I was scheduled for an operation early in November to remove the oil from my right eye that had been placed there during the second surgery in August to repair my failing retina once the first surgery in July failed in that regard by the insertion a self-decomposing gas bubble, but shortly before the date it was reset to late December because my doctor broke his arm and couldn't perform surgery during his recovery period while he wore a cast.  Although sorely disappointed at this, as my eye-filled eye bothered me greatly as I feel that my body intrinsically knew there an important organ with a totally foreign substance within it and wanted it out, this pause at least gave me the opportunity to travel by car to Columbus to spend the Thanksgiving holiday with my sister there and her family.  During that visit I was also able to visit with my college freshman roommate who was there visiting his ailing uncle.

In December I finally had my third, and hopefully last, eye surgery and it was painless, in stark contrast to the first surgery which was, well, agonizing albeit brief (I was totally out during the second surgery at my insistence, but this wasn't an option for the oil removal procedure for some reason which has never been satisfactorily explained to me) and so far the retina has continued to "adhere" to its wall of rods and cones and the tears in it have fully healed.  There has been no period of face-down recovery this go-round, although I am severely limited to a sedate recovery for six more weeks (no lifting anything over five pounds) and then to a less-than-strenuous period (no running) for two months after that, and if that all goes well (my fingers are definitely crossed, I'll be as "fully" recovered as I am going to get with this apparently genetically caused occurrence.  I was able to go around the District solo on a bicycle prior to my operation last week on my annual holiday-lights "run."

Tuesday, December 4, 2018

Thanksgiving 2018, Part Three

Thanksgiving day came and went with the fun of it centering on finding food for dinner that evening (a Korean joint) and navigating the milling frenetic chaos of Black Friday, on Thursday night, to get a cake for my nephew for his birthday party after our meal of Korean BBQ.  That impromptu party dispelled the lingering gloom on the holiday caused by the very serious medical condition of my sister's husband's mom who had been moved to hospice in the hospital.  The next day dawned and I took a frigid walk at dawn in the nature preserve a few blocks from my sister's house.

Then I drove to the nursing home to say goodbye to Jimmy's uncle there, glad that his condition was noticeably improving, especially with the advent of the visit from Jimmy, who was already present at his bedside, cajoling him into arising from bed to walk the hallways as part of his rehabilitation so he could return to his house soon.  I returned to my sister's house midmorning and she and I went to the hospital to visit her mother-in-law who was still unresponsive as my sister read to her from a book but seemed to stir when her daughters, and son and grandsons, arrived soon afterwards to be with her.  Discussions were resumed to have a traditional Thanksgiving meal in Dublin at the house of my sister's sister-in-law the next day and my sister and I returned to her house to do a little meal prep for that upcoming meal.
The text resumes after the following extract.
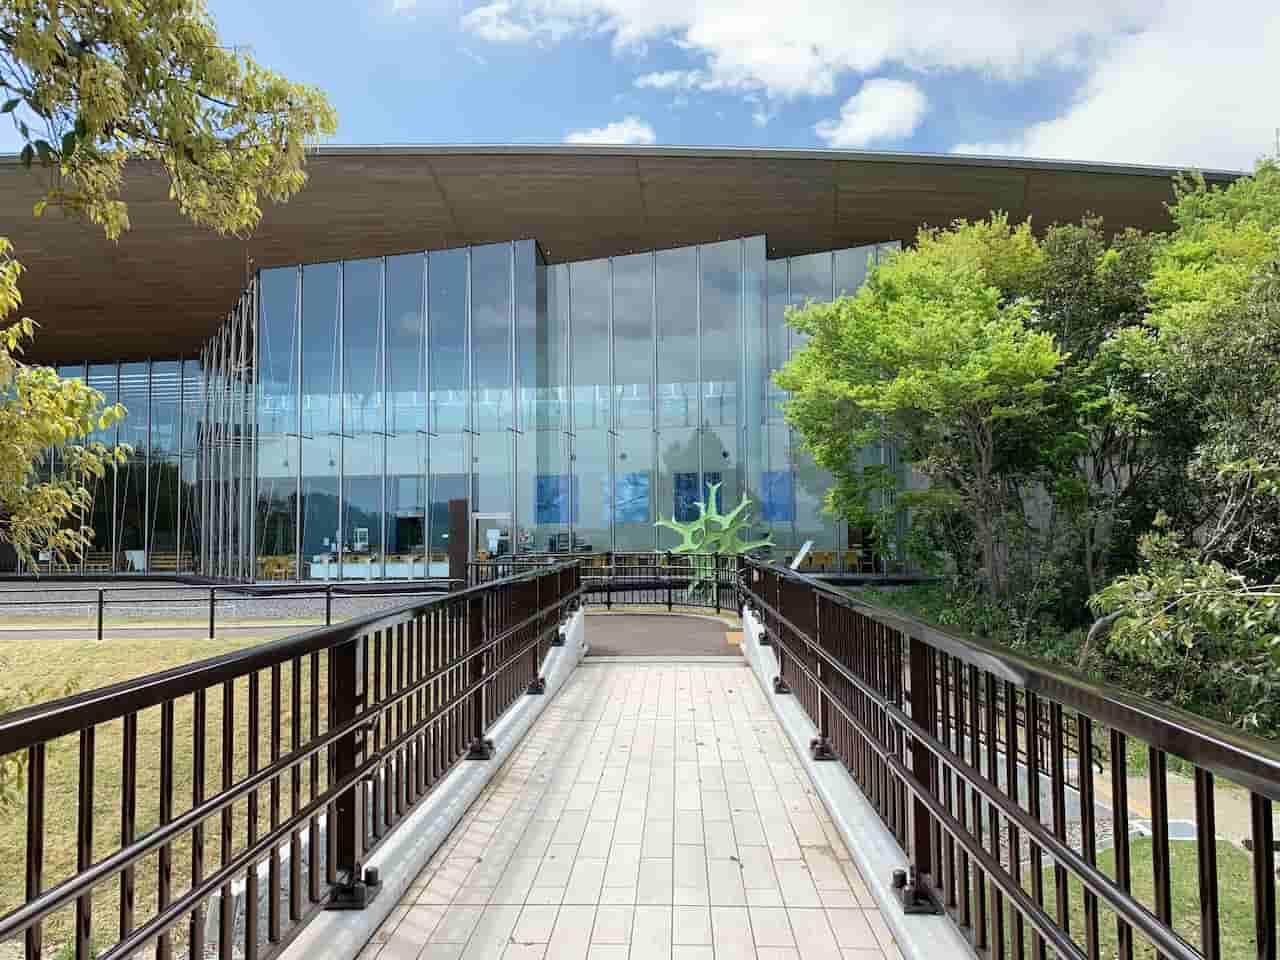 琵琶湖博物館の建物

I was driving back to DC the next morning so I packed to get ready to depart early in the morning; then Jimmy came over to visit and stayed for an enjoyable hour.  He had never met my sister before and he too, was leaving early the next morning to fly back to his home.  Later in the evening my sister and I drove her husband's webber grill over to her sister-in-law's house in my truck, about fifteen miles away, so that the cooking of the turkey could begin early the next morning.
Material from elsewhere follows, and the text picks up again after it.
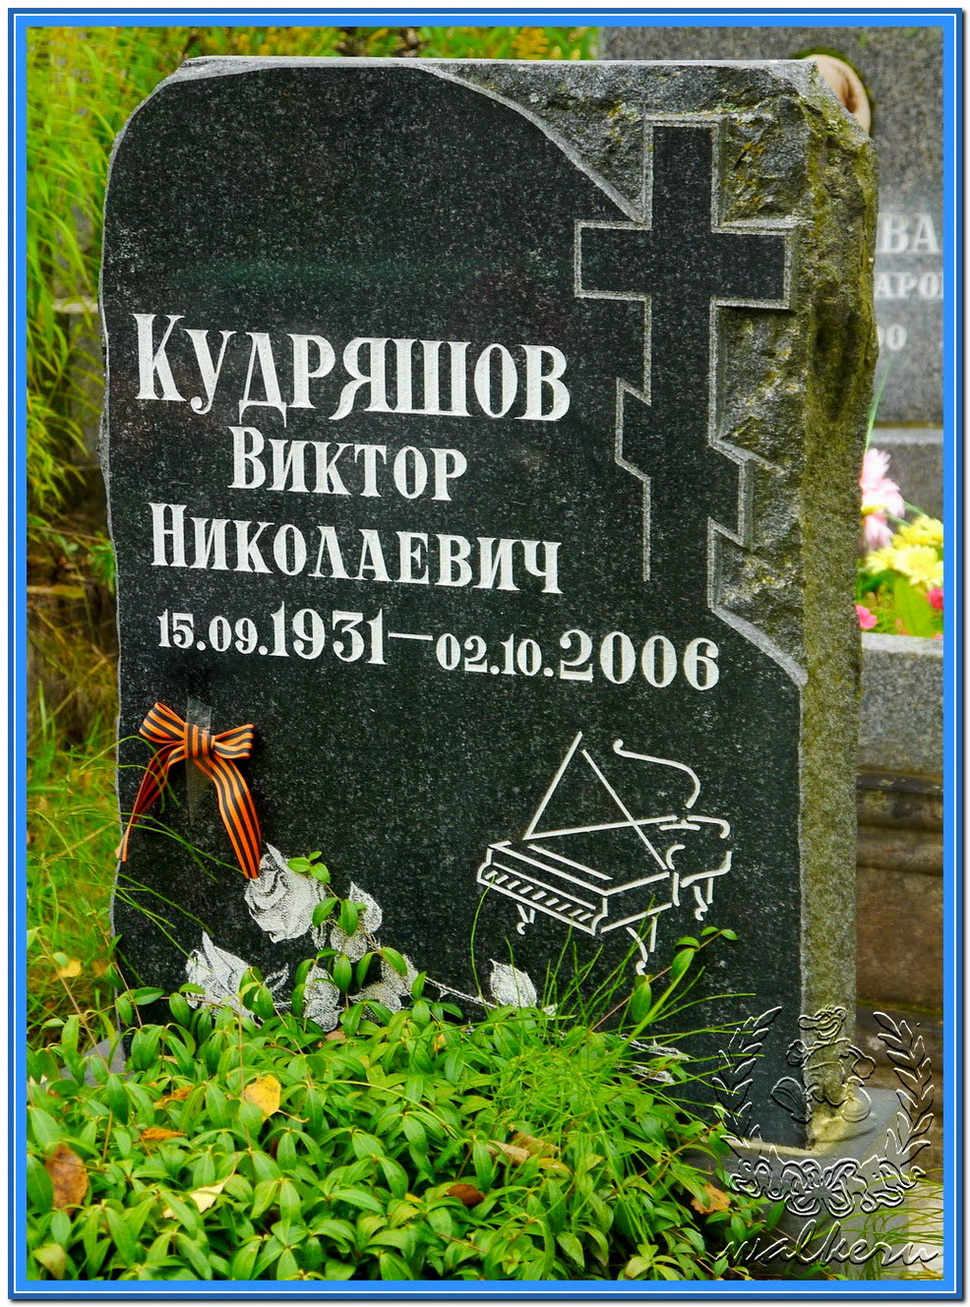 Кудряшов Виктор Николаевич

I left at 6 a.m. on Saturday on the nine hour drive home and it was a miserable trip as it rained the entire time and there was pea soup fog in the West Virginia mountains, where for about forty miles visibility was reduced to about 60 feet, or three lane marker stripes.  Regretfully, my brother-in-law's mother passed away peacefully last week.  Although I am sad at her passing, I am glad that I was able to see her again, even though it was in a hospital setting, after not seeing her since my sister's wedding in the eighties.

Monday, December 3, 2018

Thanksgiving 2018, Part Two

The day before Thanksgiving I was in Dublin, OH driving around with my college roommate Jimmy, who lived there for many years.  We visited his mother's and stepfather's gravesite, which had an interesting gravestone for the two--it has an Eastern Airlines commercial jet inscribed on it under his stepfather's name, Peace.  It's quite distinctive, remarkable even, with the prominent word PEACE across its top in bold letters with a jet flying underneath it.  Harvey Peace was a pilot for Eastern and retired when the airline followed TWA into oblivion in the shake-out that occurred following the de-regulation of the airlines in the sixties and seventies.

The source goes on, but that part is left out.